Roni Bibring was 15 when she was diagnosed with leukemia. Four years later, her treatment completed, she says her biggest challenge—having lost touch with many of her friends—is making new friends who understand what she’s been through.
“Most people don’t even realize that they’ve completely lost touch with you and that’s the thing you need the most,” said Bibring, of Englewood, N.J. “They think because you don’t text them every day that you don’t want them in your life, but you might not even be conscious,” adding that “You could be asleep for days in a row.”
Through R-Mission, a support network for Jewish cancer survivors that held its inaugural event in New York last month, Bibring is finding people who do understand.
“I have a lot of scars, and they would never judge me for it because they probably have similar things on their body, too,” said Bibring, who is featured on the group’s website. “Just not having to be judged and to have friends that understand why you look a certain way is the best part.”
Cheryl Greenberger said her work as a psychologist at Chai Lifeline, which provides support and a camp for Jewish children with life-threatening illnesses, spurred her to create R-Mission—as in remission—as a Chai Lifeline program.
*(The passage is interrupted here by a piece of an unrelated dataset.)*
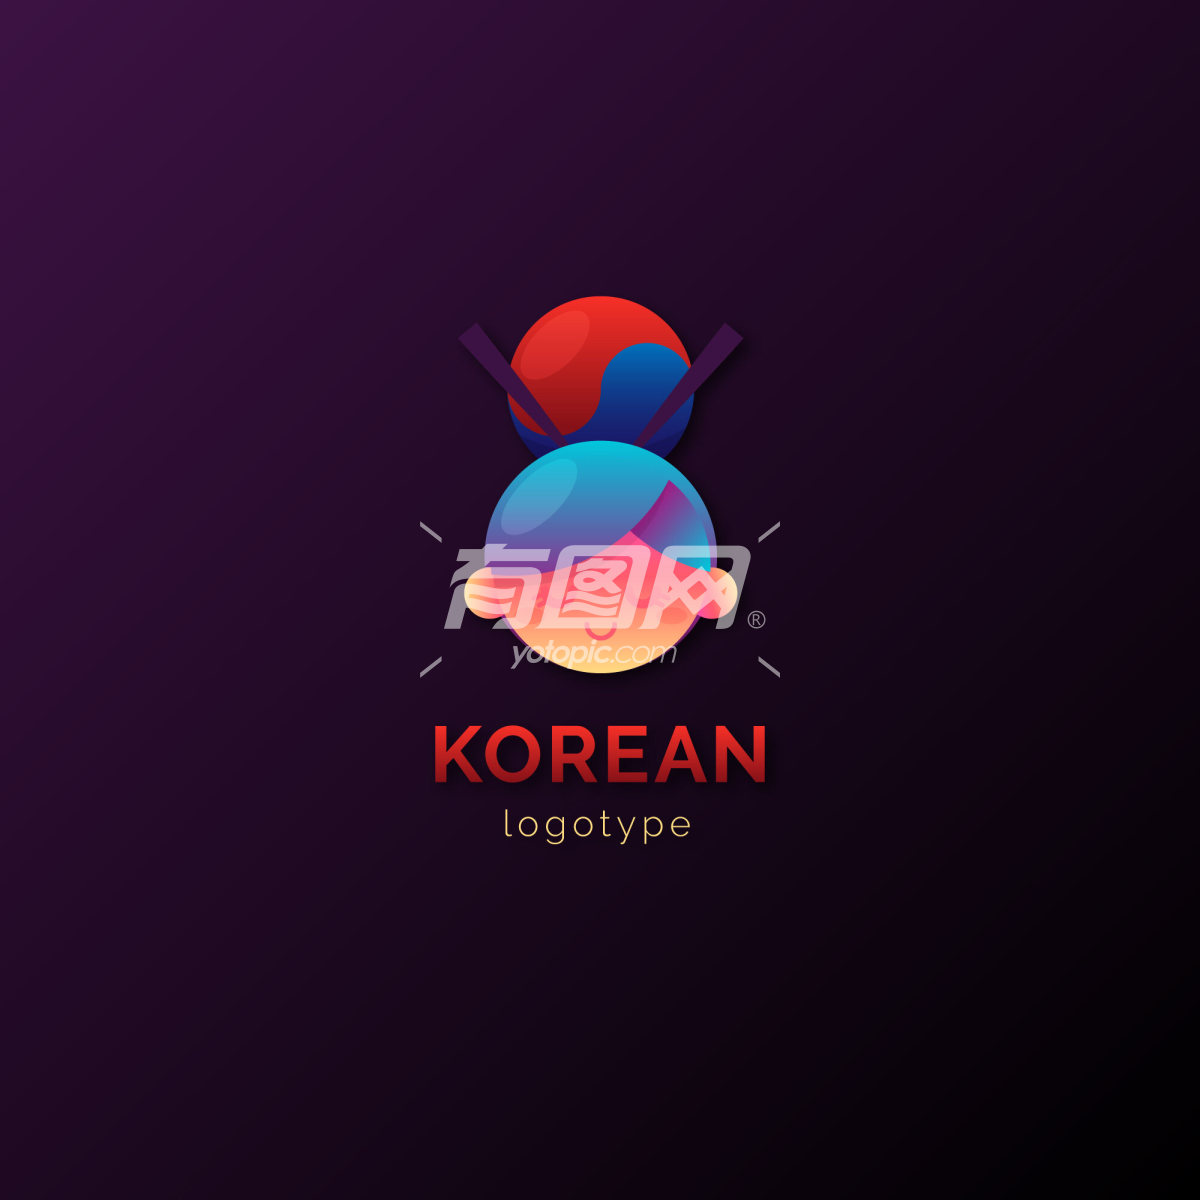 韩国风格logo设计

“What people were asking for and looking for was a way to connect with other people who could relate to them and understand them in a way that even close family members and close friends couldn’t relate to them,” Greenberger said.
The group’s website, r-mission.org, includes a discussion forum open only to those who have registered, as well as a resource section with links to everything from cancer research foundations to support groups to organizations that give scholarships to young people who have had cancer.
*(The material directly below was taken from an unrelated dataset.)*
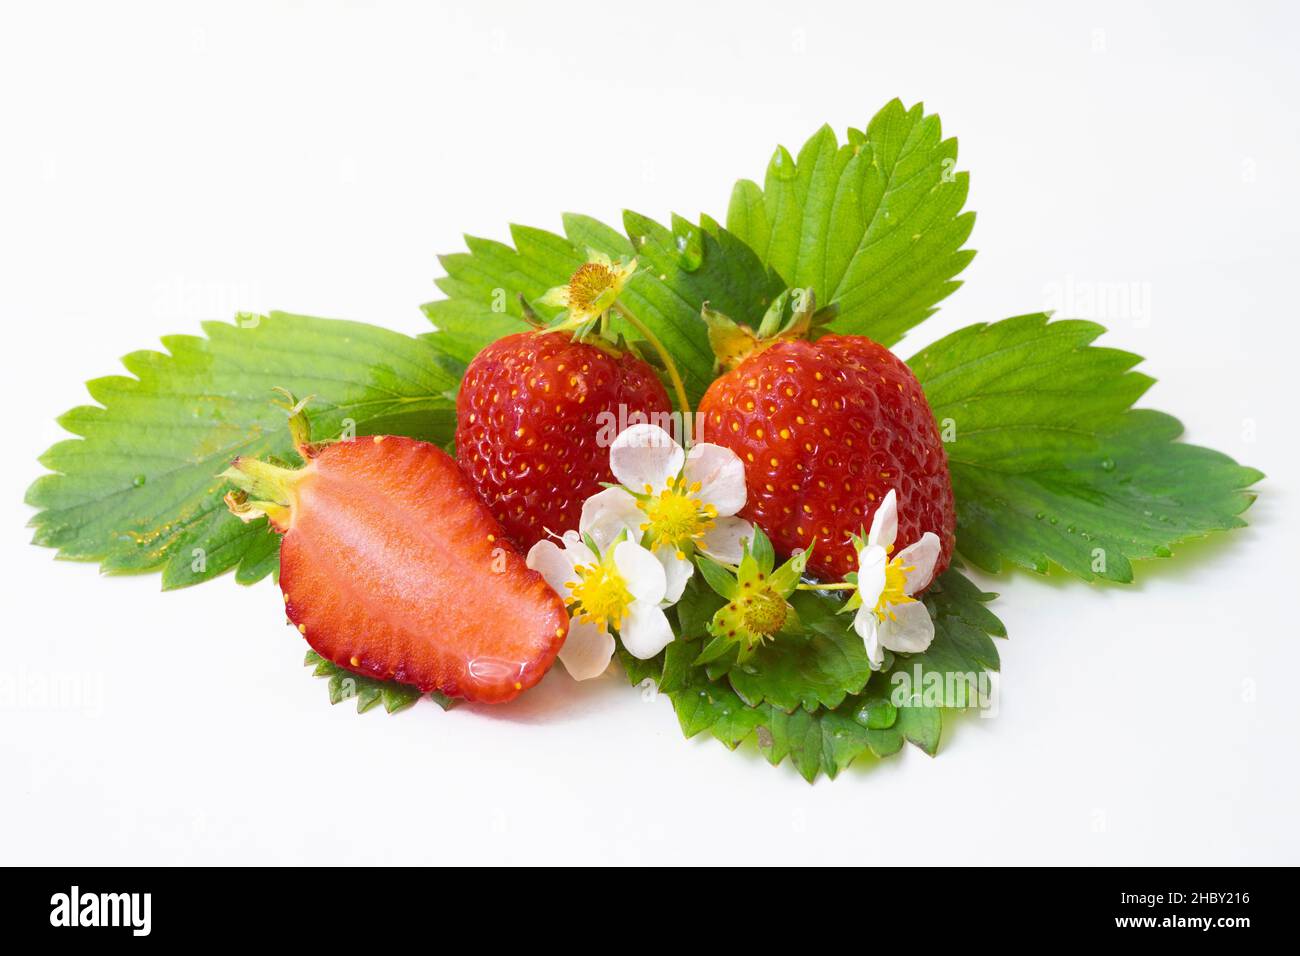 Erdbeeren auf grünen Blättern und weißen Blüten, isoliert auf weißem Hintergrund. Stockfoto

Although events will be held in New York, Greenberg points out that the discussion forum can reach a global audience. More than 100 people already have registered, many of them from outside the United States.
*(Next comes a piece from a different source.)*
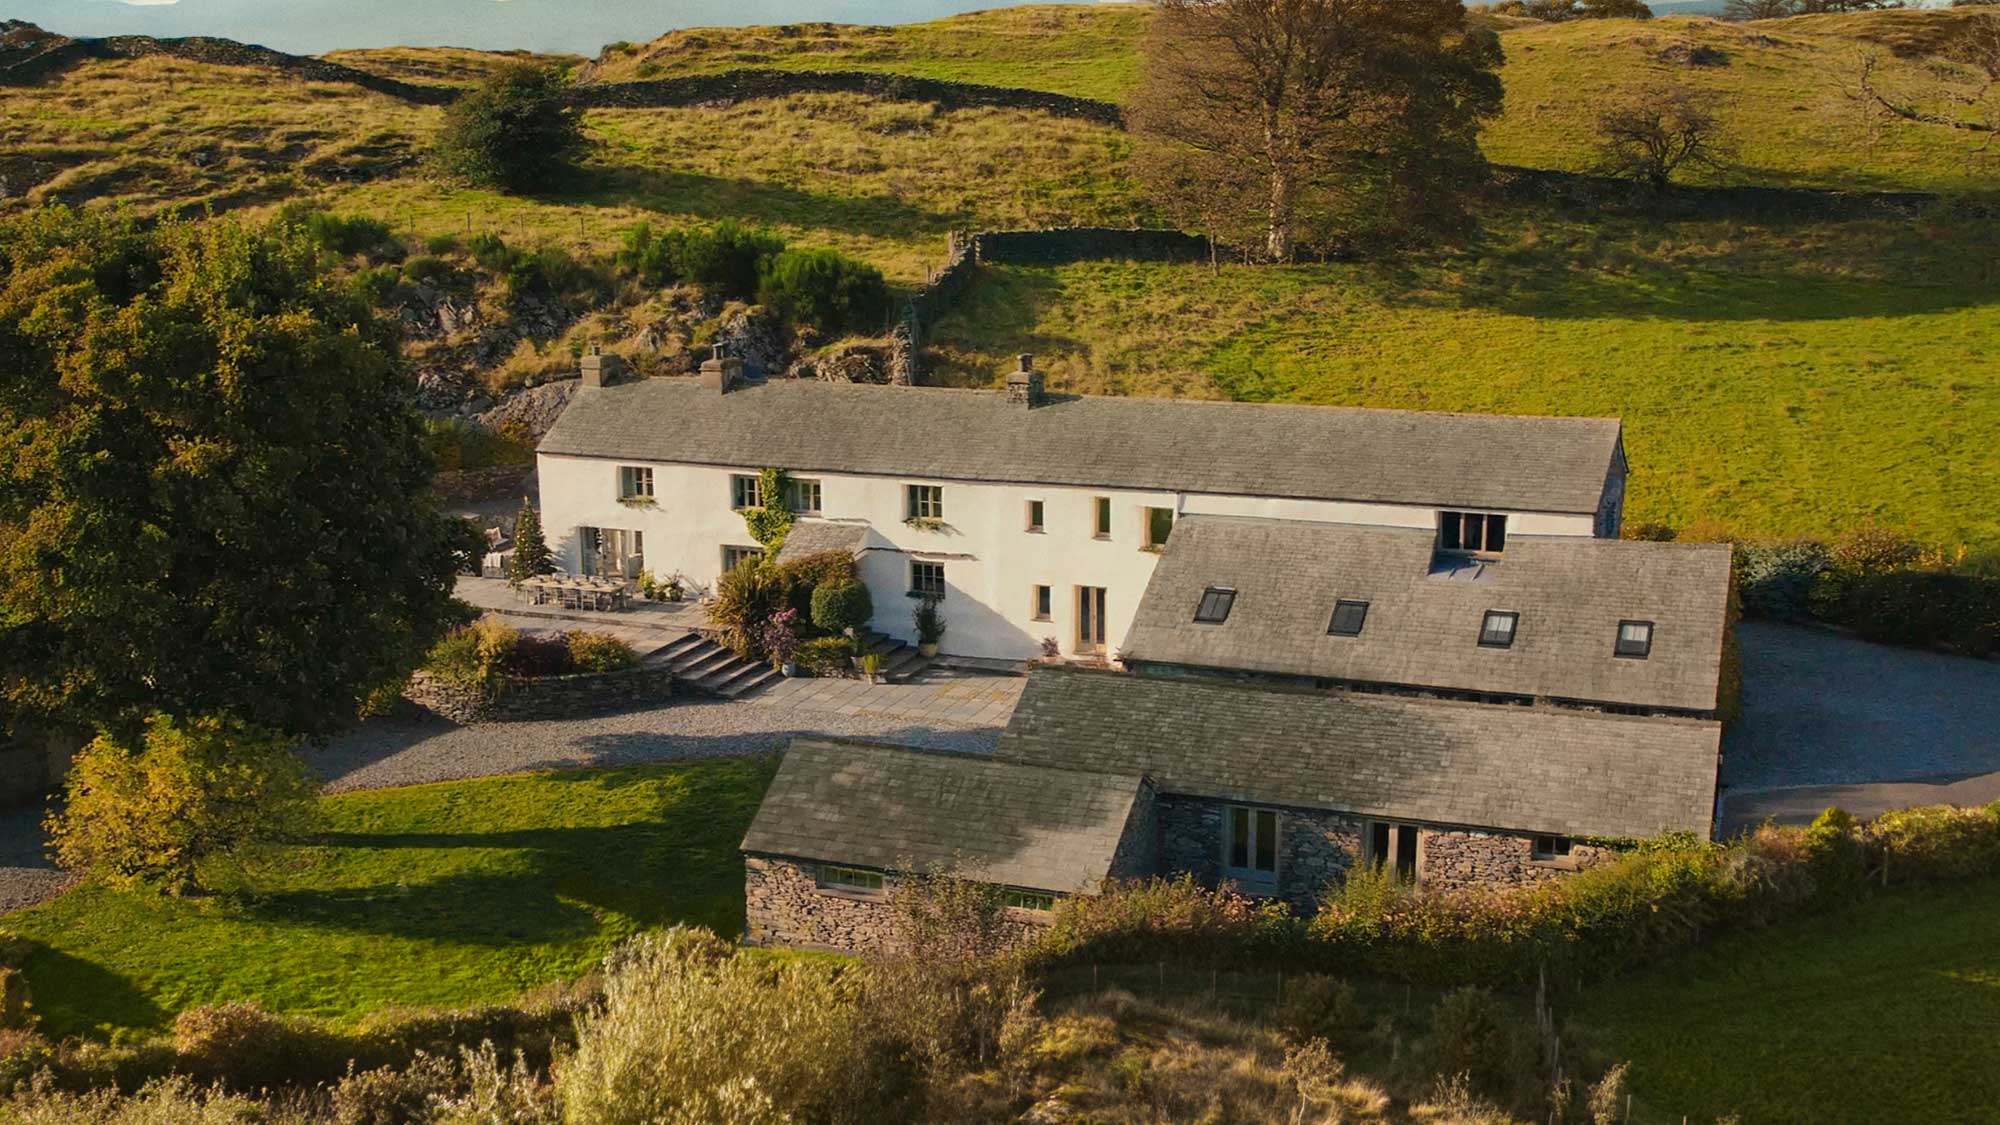 Omaze Million Pound House Draw - Lake District Drone Shot

An online community, she says, gives “people the opportunity to really be open and honest with the questions they had without publicly announcing themselves.”
Bibring says she is glad to meet people who have had experiences similar to hers.
“All of us went through the same thing,” she said. “They understand what you are going through and they are not going to ditch you. They are there for you when you aren’t feeling well.”
Melanie Kwestel, Chai Lifeline’s director of communications, anticipates that R-Mission will draw its initial members from Chai Lifeline. But she says the goal “is to reach people of all types of cancer beyond just pediatric cancer, and with online advertising we can reach a bigger audience.”
For now, the majority of those involved in R-Mission are Orthodox, but through online advertising and word of mouth, officials hope to reach Jews across the denominations.
David Pelcovitz, a professor of psychology and education at Yeshiva University’s Azrieli Graduate School and a member of the R-Mission advisory committee, said a stigma long surrounded cancer. In Yiddish, cancer was referred to as “yenem machla,” an affliction from the other world.
“It was almost too dread a reality to even face and name,” Pelcovitz said. “We’ve come a long way since then, and this is another example of being able to openly discuss, openly support, and to openly name the monster.”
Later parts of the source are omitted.